In the Delaware, the company completed 25 wells targeting the Wolfcamp Formation with an average treated lateral length of 6,500 feet per well and average 30-day initial production (IP) rates per well of 3,010 boe/d. EOG also completed 19 wells in the sub-basin's Bone Spring Formation, with an average treated lateral length of 5,600 feet per well and average 30-day IP rates per well of 2,130 boe/d. An additional three wells were completed in the Leonard Formation, with laterals averaging 5,400 feet per well and average 30-day IP rates per well of 1,615 boe/d.
EOG completed 51 wells in the Eagle Ford with an average treated lateral length of 6,500 feet per well and average 30-day IP rates per well of 1,960 boe/d. The company also completed 22 wells in the Bakken with an average treated lateral length of 8,400 feet per well and average 30-day IP rates per well of 1,450 boe/d.

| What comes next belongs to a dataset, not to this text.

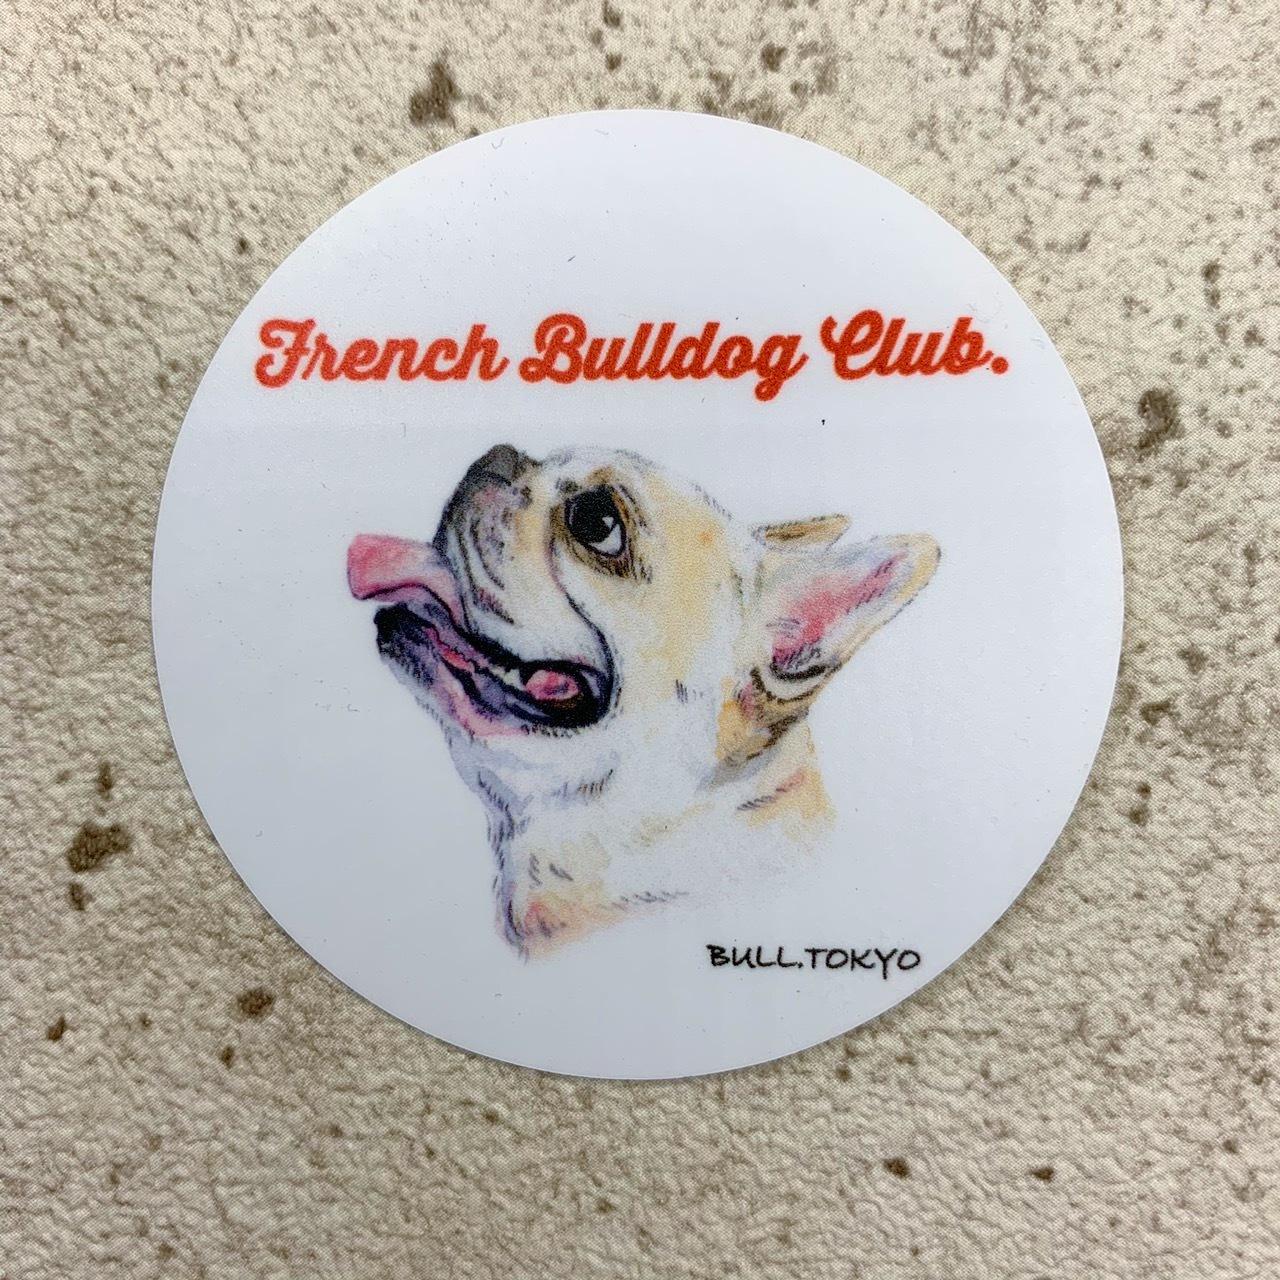 Bull.Tokyo オリジナル ステッカー Part.2 「- French Bulldog Club -」クリーム

Rounding out its activity, EOG completed eight wells in the PRB's Turner Formation in the second quarter with an average treated lateral length of 8,700 feet per well and average 30-day IP rates per well of 1,745 boe/d. In the DJ Basin, it completed 10 wells with an average treated lateral length of 9,000 feet per well and average 30-day IP rates per well of 885 boe/d.
"As we've said many times before, the key to great wells is high-quality rock," Thomas said. "Our multi-decade database and learning curve gives us a huge lead in identifying the best rock to add new and better drilling potential to the company."
Looking for new plays in a 'robust manner'
During Tuesday's call, Thomas said the company was "focused on capturing high quality rock and the sweet spot of new premium plays with strong leasing efforts underway this year." But during the Q&A portion of the call, he kept details over those efforts close to the vest.
"It's been a very steep learning curve in the last few years," Thomas said. "[This year, we are taking] that proprietary knowledge...in a very robust manner to look for new plays, and we believe we have a lead on the industry and we have a unique opportunity window, particularly this year, to add additional acreage in those kinds of plays.
"We have increased exploration spending this year to do that. And so the whole process of gathering that data and collecting that data and analyzing that data has been a huge part of that, and we're taking that advantage and using it this year."
EOG left its capex budget for the full-year 2017 unchanged at $3.7-4.1 billion. It also maintained its plan to complete 480 net wells.
The company said it expects total oil production will range from 335,500-345,700 b/d in 3Q2017. It also projected total NGL production of 77,000-83,000 b/d and U.S. natural gas production of 720-760 MMcf/d. Meanwhile, LOEs were expected to be $4.40-4.80/boe, while transportation costs would range from $3.30-3.80/boe and DD&A costs of $15.55-15.95/boe are projected in the third quarter.
For 2Q2017, EOG reported net income of $23.1 million (4 cents/share), compared to a net loss of $292.6 million (minus 53 cents) for the same period last year. Adjusted net income was $46.7 million (8 cents), compared to an adjusted net loss of $209.7 million (minus 38 cents) in 2Q2016. In a note to clients Tuesday, analysts with Wells Fargo Securities LLC said Wall Street had expected adjusted net earnings of 11 cents/share.